Your field shows 6 distinct values, so you would need 3 bits for the pointer.

jblomqvist
Specialist
Specialist
Author

Hi Swuehl,

Thank you for this.

So if I had 10 distinct values I would need 5 bits? Does it mean that if I have X number of unique values, if I divide by 2 it gives me the number of bits I need for a pointer?

Also what do those numbers in Ponters mean exactly in the below example?

Symbol+tables.png

It is from Henric's blog above. I am not sure how he got 1101 as Pointer for CompanyName for example. Or 100 for ProductName

swuehl
MVP
MVP

I've tried to post some more details, but I am blocked by this awesome forum software to do so.

Binary representation is using power of two. So 3 bits = 8 possible values, one more bit doubles the value range:

4 bits = 16 possible values.
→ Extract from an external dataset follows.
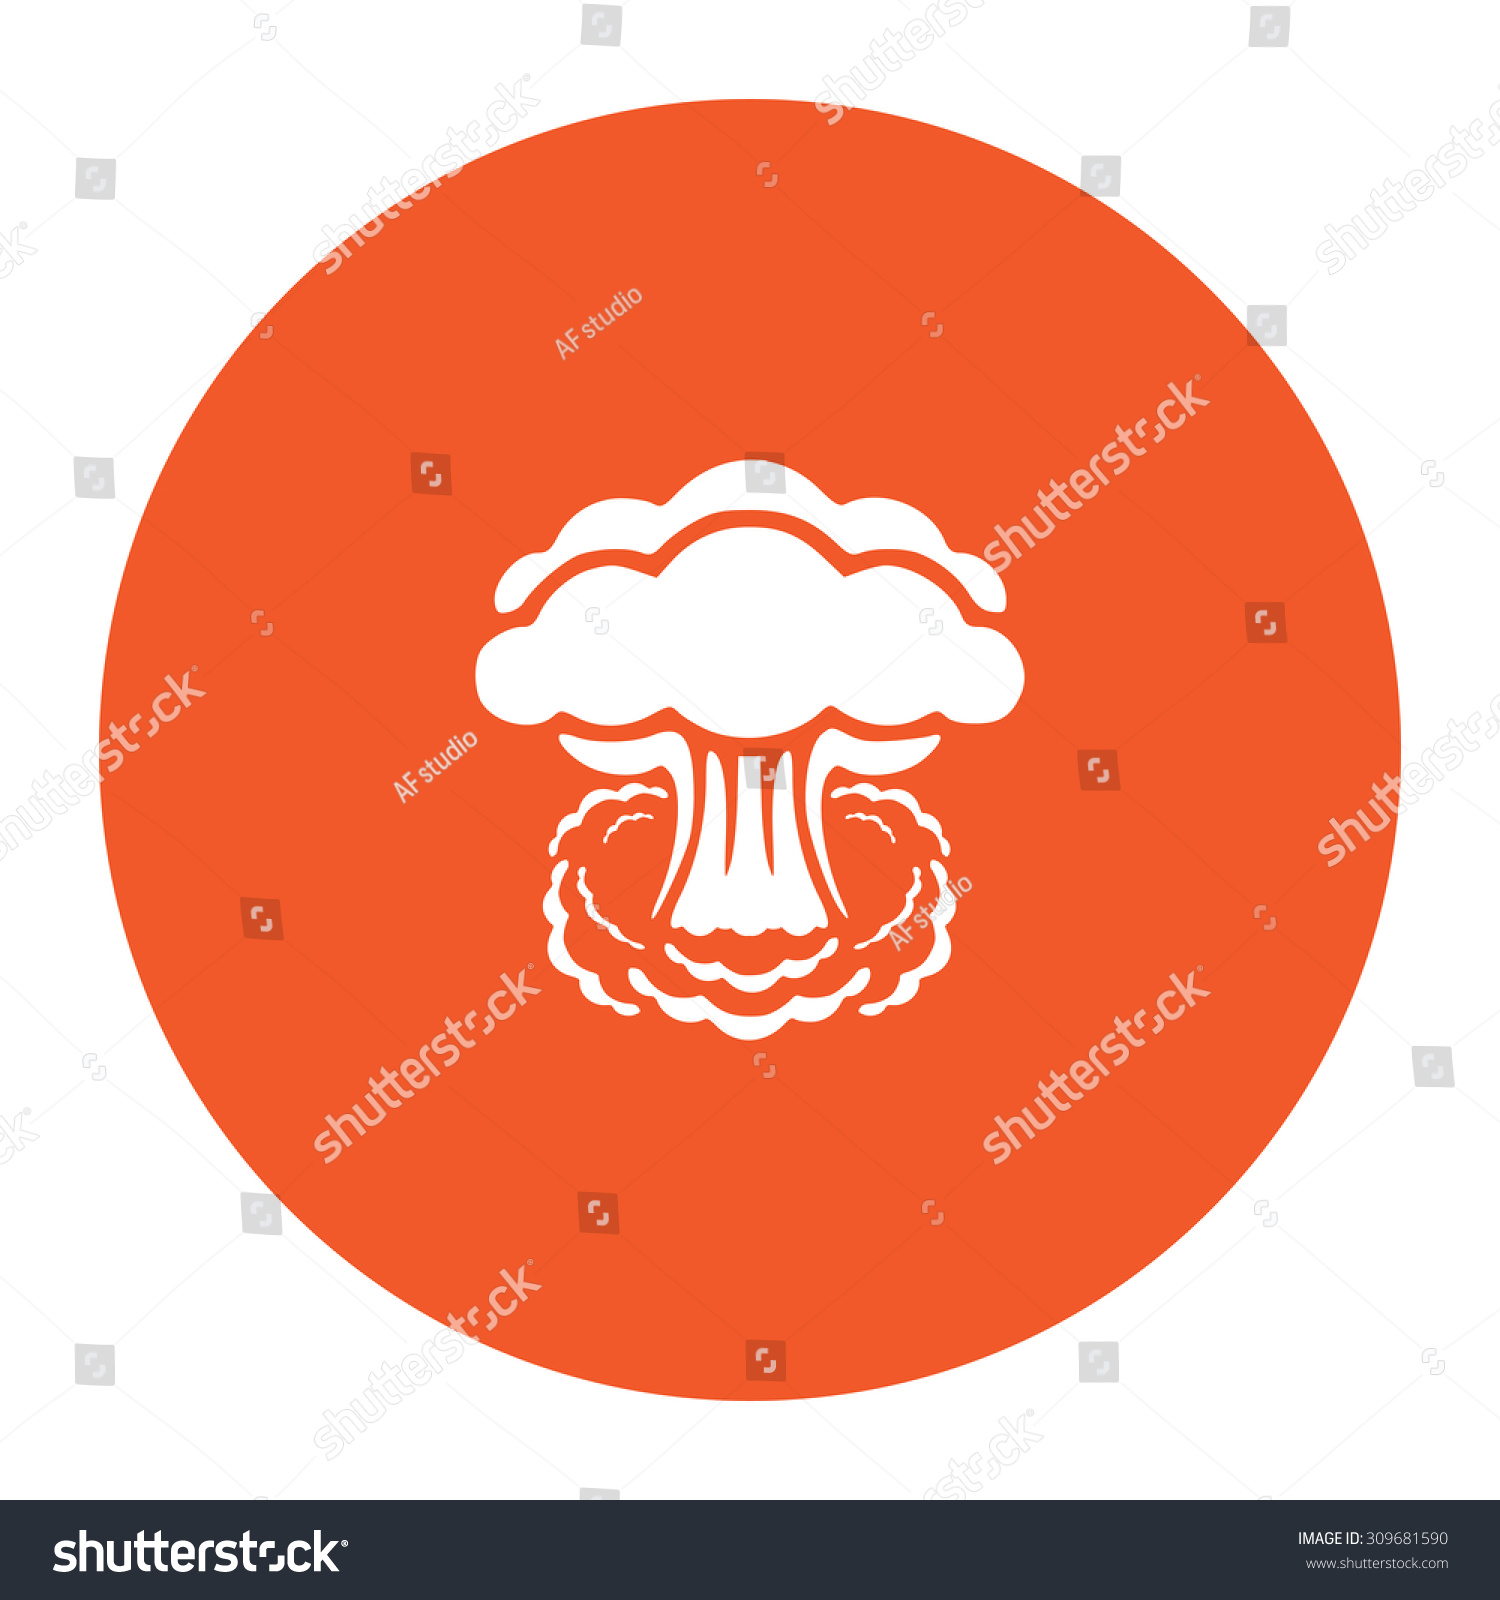 Atomic, blast, bomb, cloud, explosion, hazard, nuclear, smoke icon

And so forth.

So you would need only 4 bits to encode up to 16 distinct values.

I think the images above are kind of misleading when looking at the length of the pointer and the number of visible distinct values. The dots at the bottom should probably denote that many more symbols may follow, but since there are no dots at the top, I wonder why the bit pointer starts with an offset. Maybe it's explained in the blog, I would need to review it. For the amount of values we see, each symbol tables would need 1 bits for the pointers (if zero and one could be used for encoding).